I am writing the symbol and parameters of a hybridized model in Python as follows
net.hybridize()
out_sym = net(mx.sym.Variable("data"))
out_sym.save(sym_path)
net.collect_params().save(params_path)
Further, I am able to load the symbol and params in Python again (although there might be a more elegant way to do this) with
sym = mx.sym.load(sym_path)
params = mx.nd.load(params_path)
mod = mx.mod.Module(model, label_names=[])

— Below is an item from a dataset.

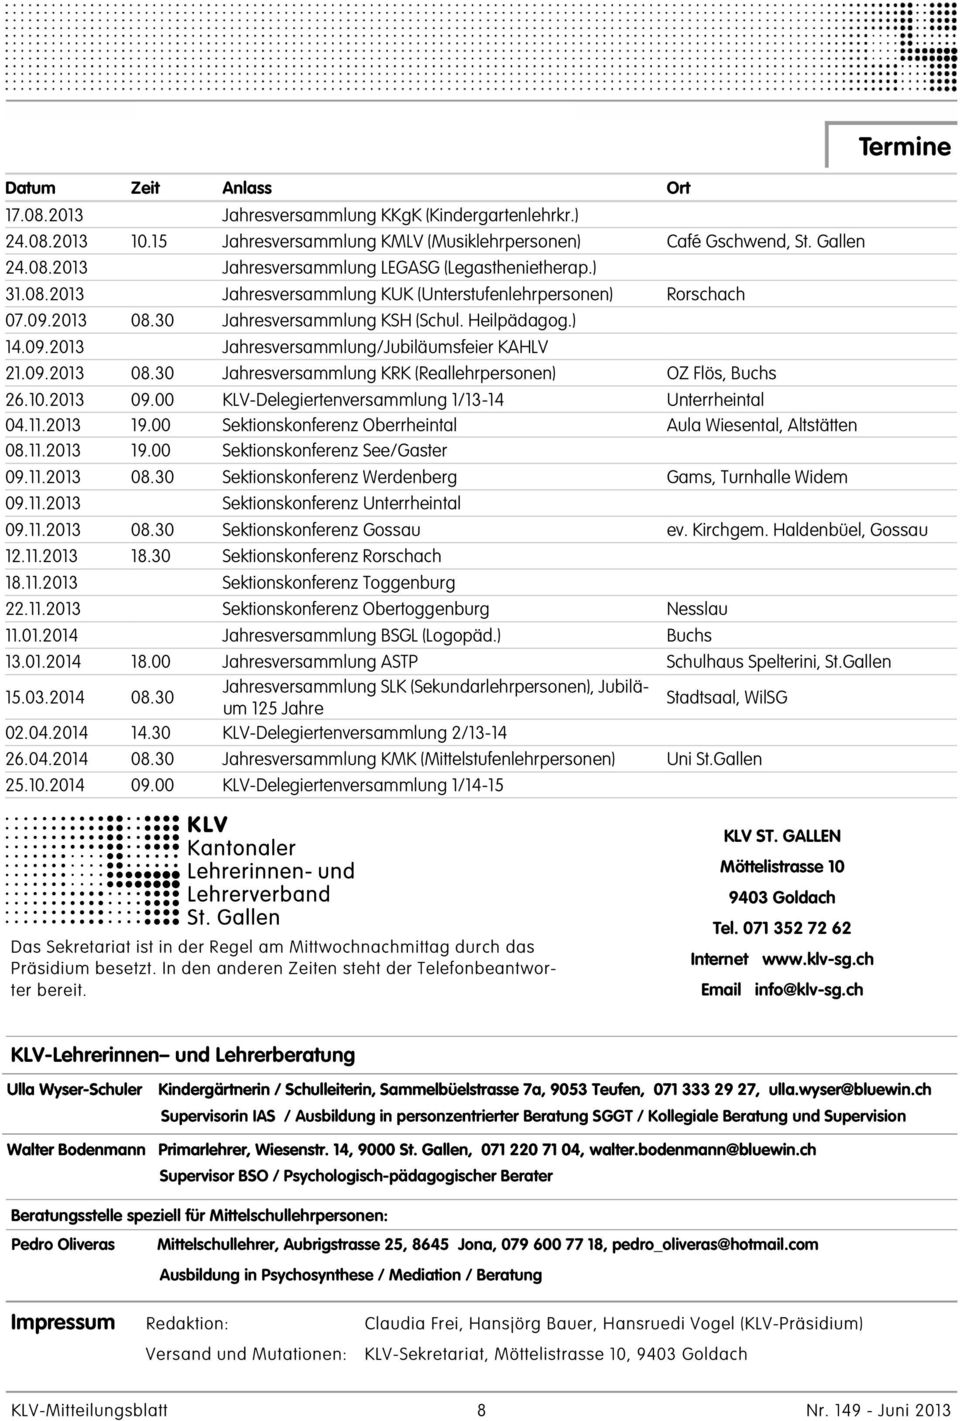 10.2013 09.00 KLV-Delegiertenversammlung 1/13-14 Unterrheintal 04.11.2013 19.00 Sektionskonferenz Oberrheintal Aula Wiesental, Altstätten 08.11.2013 19.00 Sektionskonferenz See/Gaster 09.11.2013 08.

mod.bind(data_shapes=[('data', data.shape)])
mod.init_params()
(args, auxs) = mod.get_params()
mod.set_params(params, auxs)
mod.forward(mx.io.DataBatch(data=[data]))
out = mod.get_outputs()[0]
However, I failed to load use the symbol and params in C++. I implemented the following code based on the examples in the repository
// Load the network structure and parameters
mxnet::cpp::Context ctx_gpu(mxnet::cpp::kGPU, 0);
mxnet::cpp::Symbol net = mxnet::cpp::Symbol::Load(model_path);
std::map<std::string, mxnet::cpp::NDArray> params;
mxnet::cpp::NDArray::Load(param_path, 0, ¶ms);
std::map<std::string, mxnet::cpp::NDArray> args_map;
std::map<std::string, mxnet::cpp::NDArray> aux_map;
for (const auto &k : params) {
if (k.first.substr(0, 4) == "aux:") {
auto name = k.first.substr(4, k.first.size() - 4);
aux_map[name] = k.second.Copy(ctx_gpu);
}
if (k.first.substr(0, 4) == "arg:") {
auto name = k.first.substr(4, k.first.size() - 4);
args_map[name] = k.second.Copy(ctx_gpu);
}
}
//Variant 1
mxnet::cpp::Executor* executor = net.SimpleBind(ctx_gpu, args_map);
executor->Forward(false);
//Variant 2
std::vector<mxnet::cpp::NDArray> arg_arrays;
std::vector<mxnet::cpp::NDArray> grad_arrays;
std::vector<mxnet::cpp::OpReqType> grad_reqs;
std::vector<mxnet::cpp::NDArray> aux_arrays;
std::map<std::string, mxnet::cpp::NDArray> arg_grad_store;
std::map<std::string, mxnet::cpp::OpReqType> grad_req_type;
net.InferExecutorArrays(ctx_gpu, &arg_arrays, &grad_arrays, &grad_reqs, &aux_arrays, args_map, arg_grad_store, grad_req_type, aux_map);
auto executor = net.Bind(ctx_gpu, arg_arrays, grad_arrays, grad_reqs, aux_arrays);
executor->Forward(false);
Both variants crash on execution with an CUDNN error: Check failed: e == CUDNN_STATUS_SUCCESS (8 vs. 0) cuDNN: CUDNN_STATUS_EXECUTION_FAILED if started on the GPU, or a SegFault on the CPU. If I change the MXNET_ENGINE_TYPE to NaiveEngine, the example runs, but the output is garbage (containing NaNs, …).
What am I missing in the C++ API?
Edit: It seems that reading the params is already problematic, as the names have no prefix “args:”, or “aux:”. But also loading all params to the args_map still fails with the same errors.